Of course, forming a data union is just one model: someone else could set up a for-profit instance, a third could let users choose between paying a subscription fee or seeing ads, and so on.
Different cozyweb communities offering users different experiences, including AI services sourced from multiple AI marketplaces and individual suppliers.
We need to create an environment in which such experiments can flourish.
There is already evidence for this strategy in a parallel field. In May 2023 Brave Software, creators of the privacy-first Brave browser and search engine, released Brave Search API. Via this service, AI developers can access the training dataset Brave developed through both Brave Search and their Web Discovery Project, which allows Brave browser users to contribute anonymous data about the pages they’re actually visiting.
As a result, Brave’s training data “is much more representative of the Web people actually care about”, without the huge morass of “junk sites — spam, dead links, duplicates, and more” one finds when crawling the Web at large.

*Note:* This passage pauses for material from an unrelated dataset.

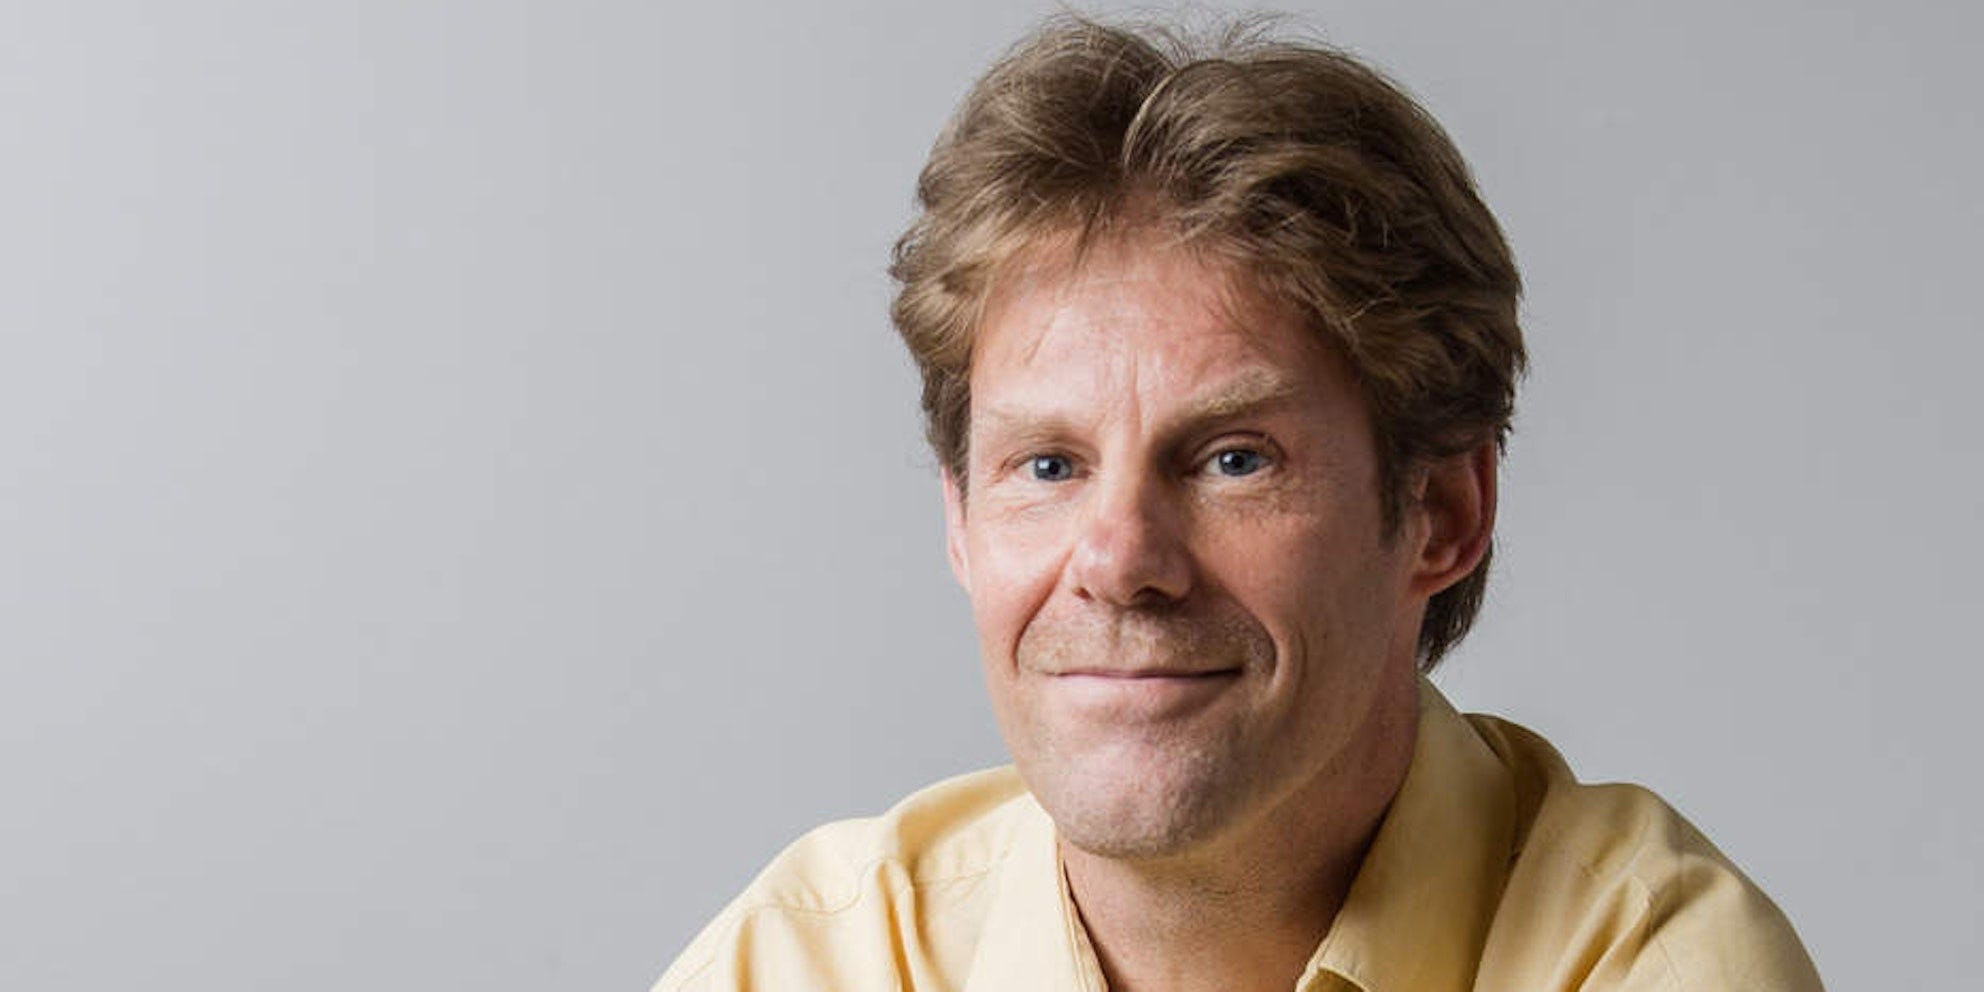 Gerard Parlevliet, Haaglanden MC

And that was written before the Web started filling up with AI-generated content, which is even worse for training AI.
So how do we get there?
This is probably a chicken-end-egg problem:
This is a well-known type of problem, but so is the solution: provide some of the missing pieces to demonstrate value, and let competition drive innovation. And fortunately there are potential cozyweb spaces everywhere, with the Fediverse full of Very Small Online Platforms, all able to talk to each other if they choose to:
According to https://fedidb.org/, there are almost 30000 Fediverse servers, just under half of which were launched in the last two years.
And while most are small, these figures presumably also include Threads, Flipboard, and at least some sites built with Ghost or Wordpress.
So the content and people are already there. To help them pilot #ai4communities, we need to trigger a virtuous circle by:
Early adopter Fediverse communities can then start roadtesting the first AI services. Assuming these add value, more people will join those communities. As revenue starts flowing into them from both subscriptions and data monetisation, other Fediverse communities will follow suit.
The winners in this competition are the most active, best-managed communities
Seeing a business opportunity, other AI services will appear, attracting more communities, creating more data, growing the pie further. Competition and innovation will do the rest, with the emphasis on open source meaning anyone can not only add an AI service to existing Stores, they can market their services independently or set up Stores of their own.
What sets this vision apart is who wins in this environment - the most active and best-managed communities, as they will be an excellent source of AI training data once model collapse has stymied LLM growth.
The content behind this article is, of course, tagged #ai4community on my Hub. My next posts will include, inter alia, how I’d like to develop myhub.ai to support the above ideas. Subscribe to my newsletter via my About page if you want to see that post and the best articles I’m reading as I do my research (all editions tagged #newsletter).
(1) I refer to federated servers because I want to be technology agnostic, and avoid flamewars over the relative benefits of ActivityPub, AT Protocol, Nostr, etc. However some of this post reflects my greater familiarity with ActivityPub than the other protocols. Sorry about that.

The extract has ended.